*** SOURCE DATA ***

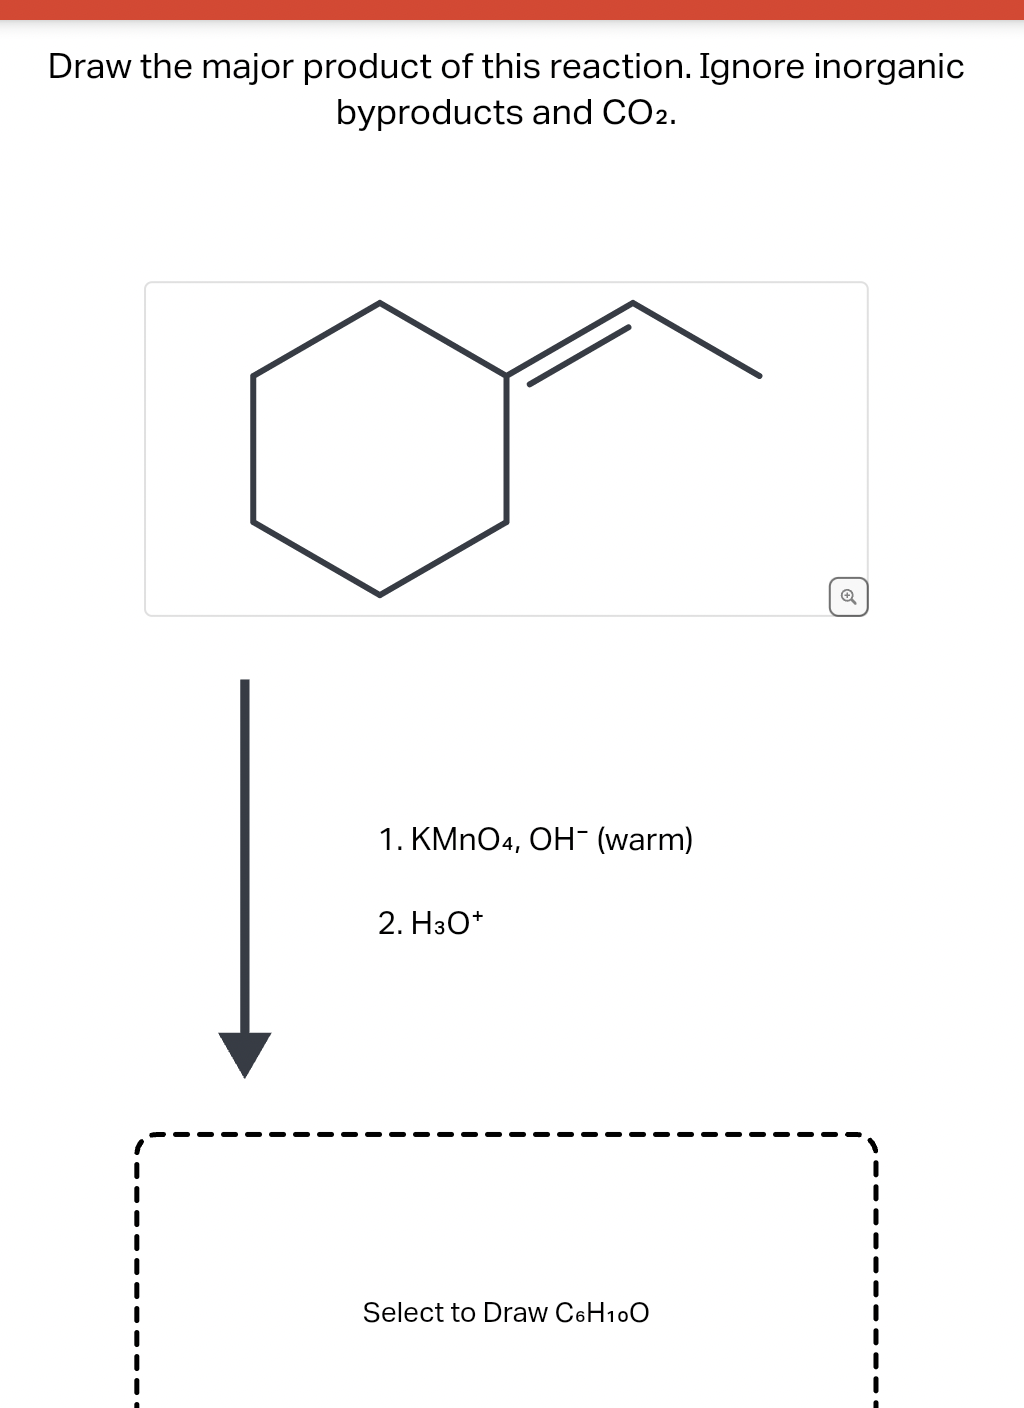 Draw the major product of this reaction. Ignore inorganic
byproducts and CO2.
1. KMnO4, OH¯ (warm)
2. H3O+
Select to Draw C6H10O
✓

*** End of SOURCE DATA ***

TO DO → Above are the records; copy exactly the lines from the one with "byproducts and CO2." through the final line.

ANSWER TO THE PROBLEM →
byproducts and CO2.
1. KMnO4, OH¯ (warm)
2. H3O+
Select to Draw C6H10O
✓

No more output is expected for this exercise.